La actual villa fue, alguna vez, una bucólica campiña a la que arribaron inmigrantes europeos que transformaron aquellas tierras en campos productivos y que utilizaron el río para transportar la riqueza que generaban. La presencia de italianos como los Londero —además de criollos, suizos, franceses, españoles o alemanes— es la simiente de una región que ha progresado pese a las recurrentes crisis del país.
Viernes de peña
Un salón contiguo —mucho más amplio que el propio bar— es el espacio para el encuentro peñero de los viernes, donde se come, se toma, se juega y, a veces, se guitarrea.
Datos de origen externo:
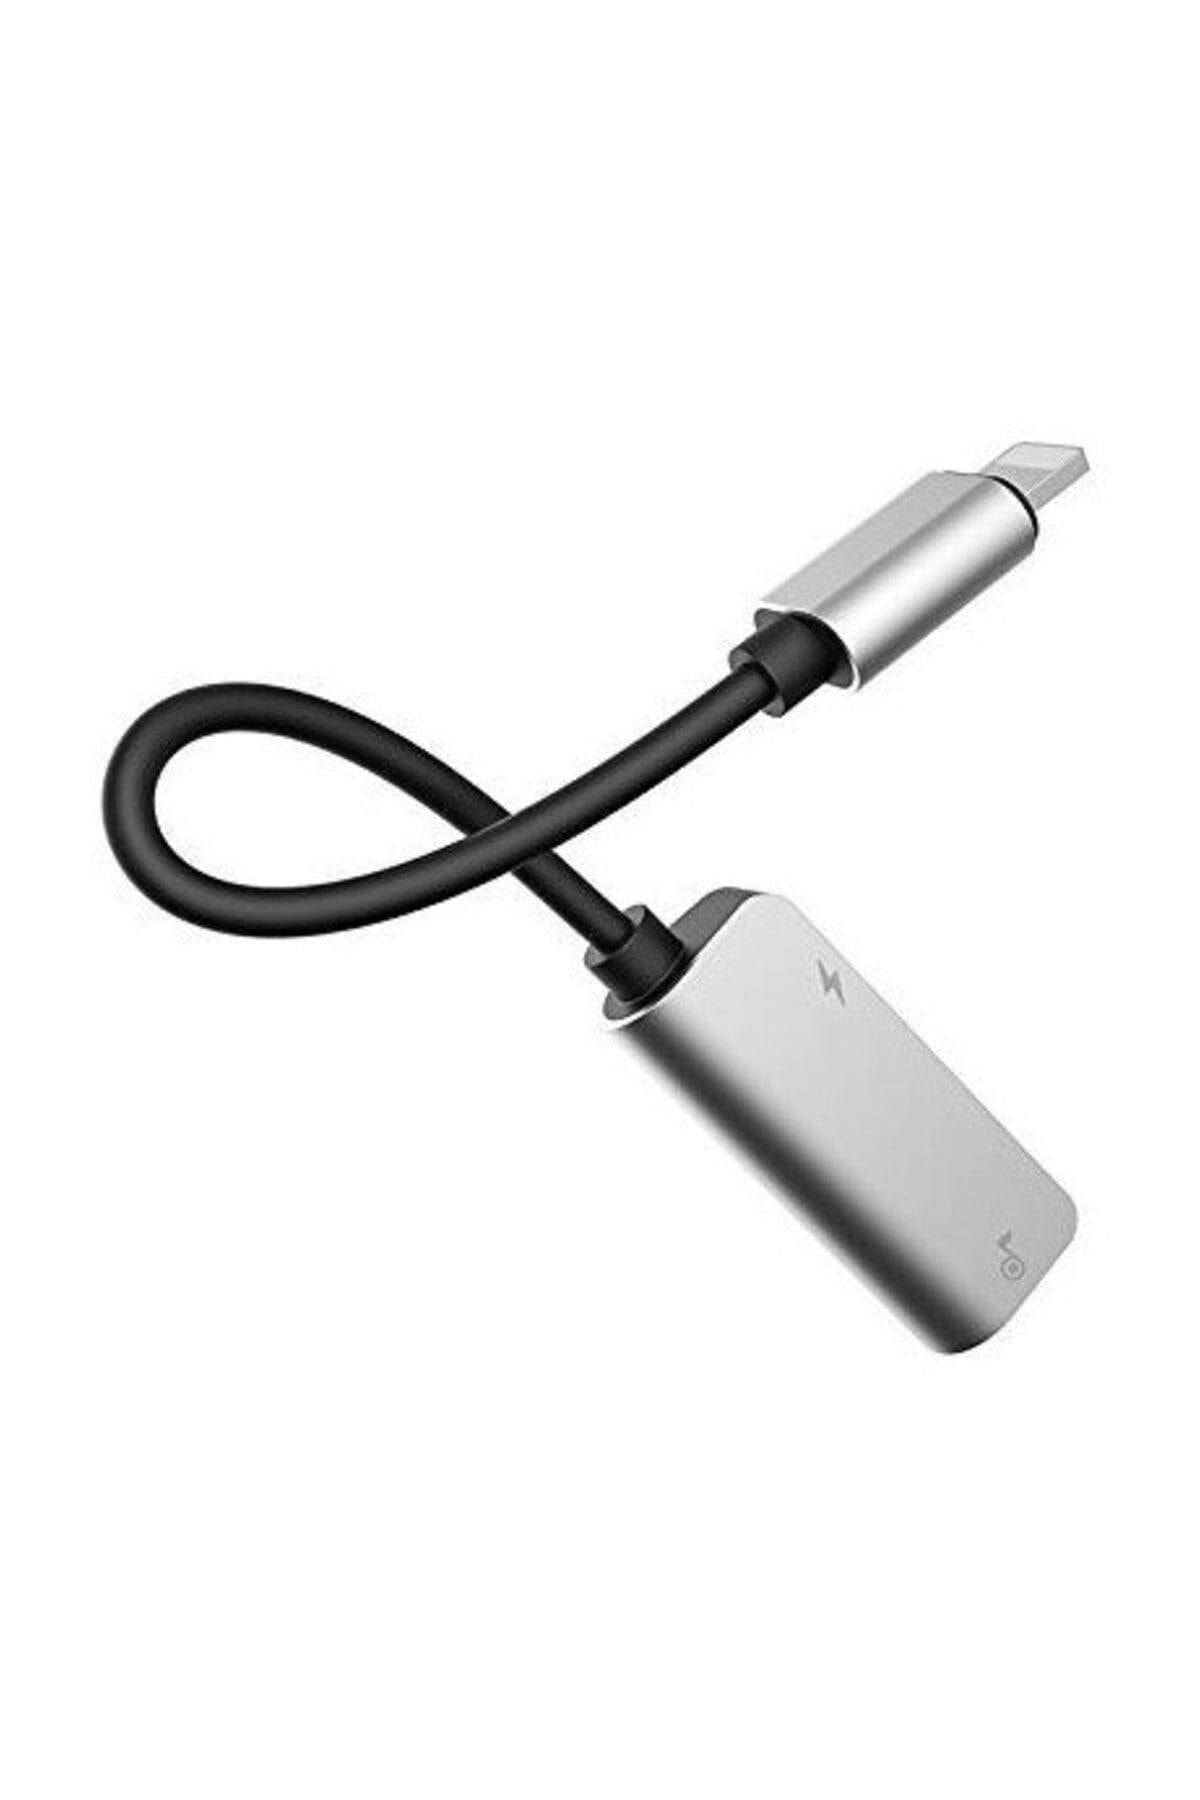 Syronix Apple iPhone Lightning 2in1 Aux 3.5mm Kulaklık Dönüştürücü Şarj Girişli Adaptör

—Es una peñita —minimiza el bolichero.
Un horno, un tablón, un par de mesas y sillas son el ambiente ideal para una reunión que es un intervalo en la semana, donde se contarán anécdotas, se hablará del clima y de la ganadería en las islas, del río que está tan bajo, y se puteará un poco al gobierno también por eso. Pero por sobre todas las cosas, se compartirá una charla, aflorarán los recuerdos de abuelos y bisabuelos gringos.
De aquellos que cruzaron un océano, que labraron la tierra con arados mancera y un par de caballos en la primera colonia agrícola del país —como lo refleja el escudo municipal de Villa Urquiza—. Que sufrieron y progresaron, que cayeron y se levantaron, y que también se juntaban, cuando el siglo XIX se estaba yendo, en el bar del tío, ubicado desde siempre en ese cruce de caminos donde la historia parece en modo pausa.


¿Quién seguirá la historia del bar más adelante? La pregunta entraña una mirada de sorpresa, y la respuesta es un:
—No sé… creo que nadie más. Cuando no esté yo, se termina —expresa mientras contempla la ventana.
La tarde se va junto con el sol y el frío se hace sentir un poco más. Alguien pide que a la coca le agreguen un poco de Fernet y otra picada de ese salame que se guarda para homenajear a los amigos.
Es el bar del Topy Londero, donde se invita una copa: un ritual con la amistad y con la historia del lugar.